Ates und Kelek von Islamkonferenz ausgeladen

Vom Regen in die Traufe – so kann man den Wechsel auf dem Innenministerposten von Schäuble zu de Maiziere wohl am treffendsten beschreiben. Denn der Neue will ganz offensichtlich keine Islamkritiker mehr wie Necla Kelek oder Seyran Ates bei der Islamkonferenz haben.

In der Druckausgabe der gestrigen FAZ liest sich das so:

Dem Vernehmen nach sollen die jetzigen nichtorganisierten Vertreter dem Gremium künftig nicht mehr angehören, also beispielsweise die Publizistin und Soziologin Necla Kelek und die Rechtsanwältin Seyran Ates, obwohl gerade sie im Berufsalltag mit den praktischen Folgen islamischer Sonderrechte und –sichten zu tun haben. Die Verbände hingegen sollen dabeibleiben. Lediglich der Islamrat für die Bundesrepublik e.V. könnte Schwierigkeiten bekommen. Schäuble hatte ein Mitglied des Islamrates, die radikale Milli Görüs, noch auf dem Trittbrett der Konferenz geduldet. Doch gegen einige ihrer führenden Funktionäre wird wegen der Bildung einer kriminellen Vereinigung, Geldwäsche, Bankrottverschleppung und Erschleichung von öffentlichen Fördermitteln für islamistische Ziele ermittelt.

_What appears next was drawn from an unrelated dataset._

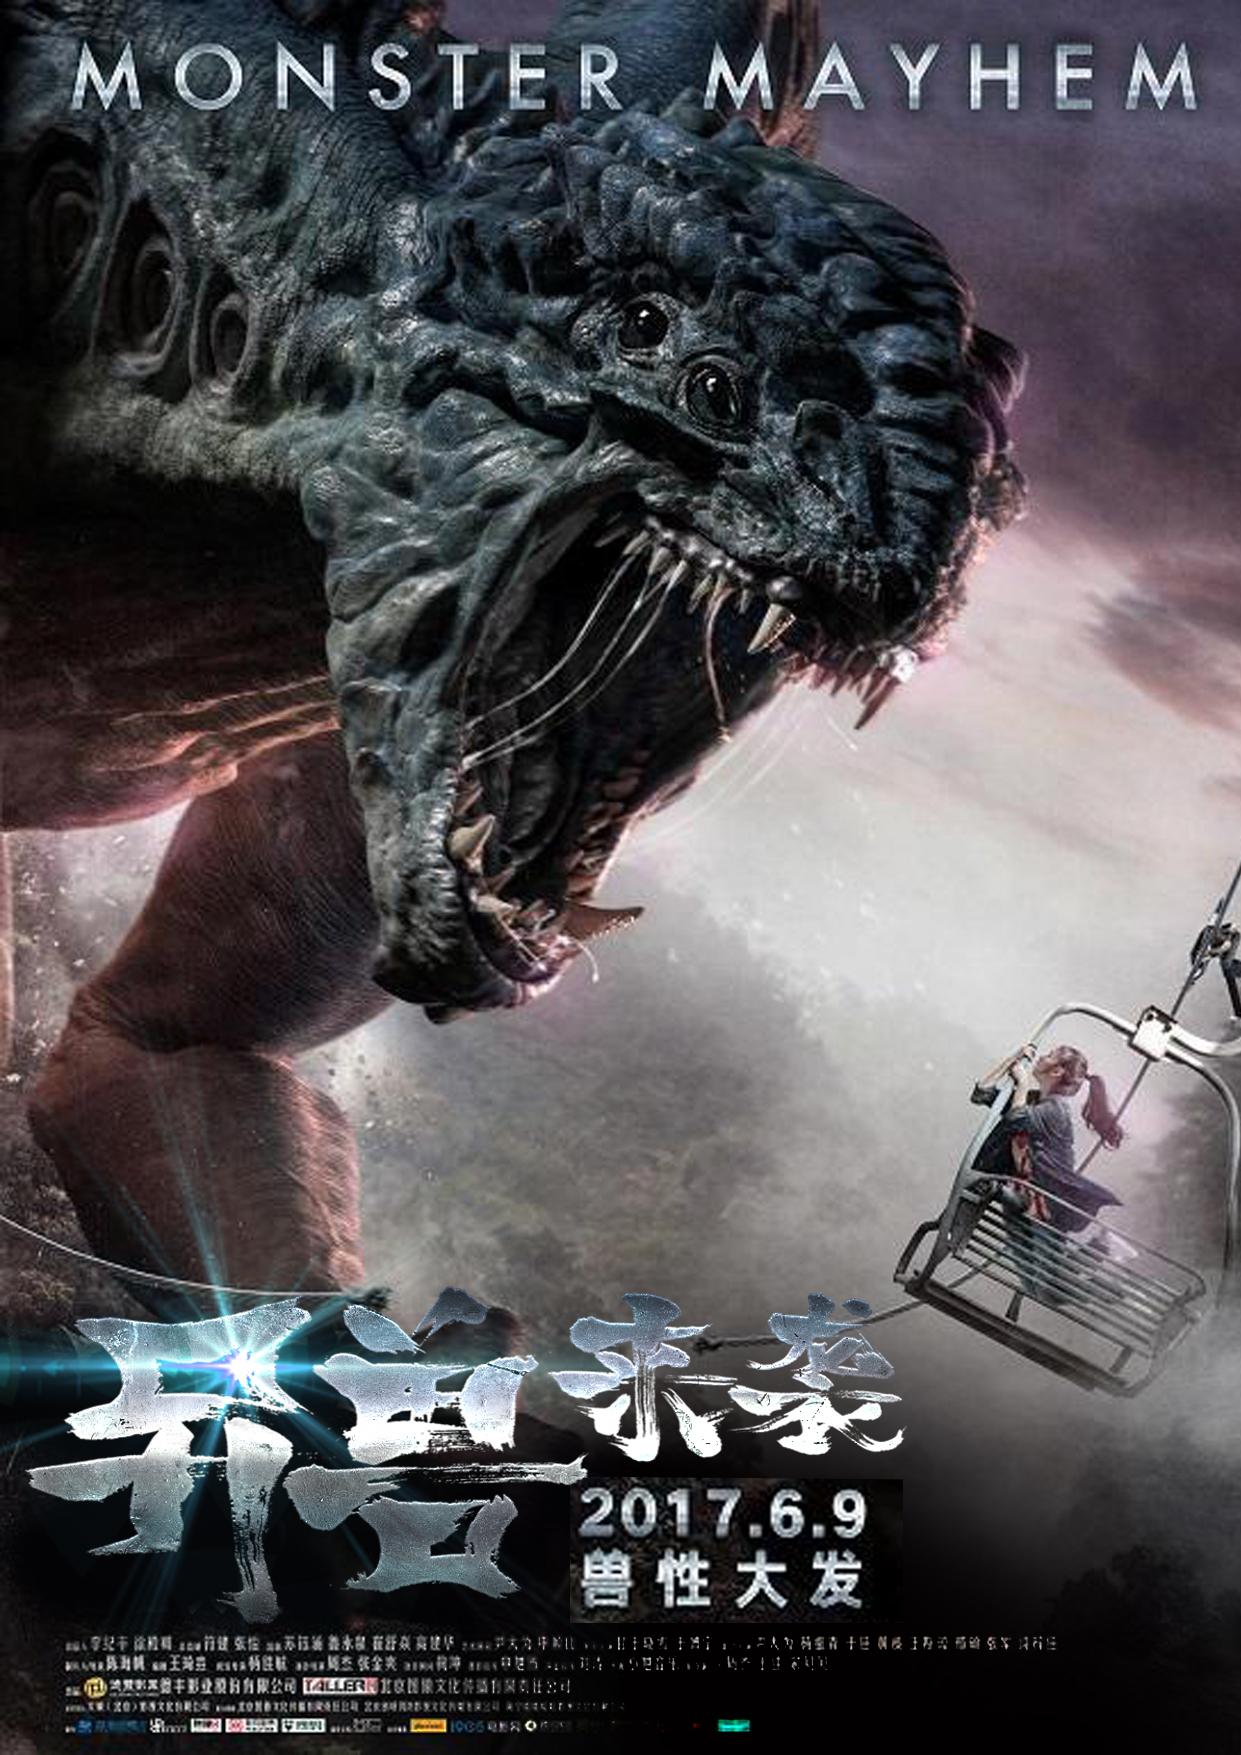 六月电影海报改写——变形金刚5 木乃伊 摔跤吧爸爸

Milli Görüs bleibt womöglich drin, die Kritiker sollen weg. Alles klar? So sehen die Weichenstellungen für die Zukunft aus: Islamkritik mundtot machen und Quotenregelungen für Migranten im öffentlichen Dienst einführen. Wenn das so weitergeht, dann wird sich der Bewerber künftig wohl eher durch die richtige Religionszugehörigkeit statt mit einem ordentlichen Leistungsnachweis qualifizieren. O tempora, o mores. Auch die Union scheint das zukünftige Wählerpotential bei den Moslems erkannt zu haben und beeilt sich jetzt offensichtlich, deren Wohlgefallen möglichst schnell zu erheischen. Für die Islamkonferenz sind schon mal hochinteressante Ziele festgelegt worden:

de Maizière sprach von einer “theoretischen Grundlegung”, die nun abgeschlossen sei, jetzt wolle er die Islamkonferenz “praktischer machen”. Das betreffe drei Punkte:

1. Den Religionsunterricht sowie die Ausbildung von Religionslehrern
2. die Gleichbehandlung von Mann und Frau
3. eine Debatte über friedlichen Islam und gewalttätigen Islamismus.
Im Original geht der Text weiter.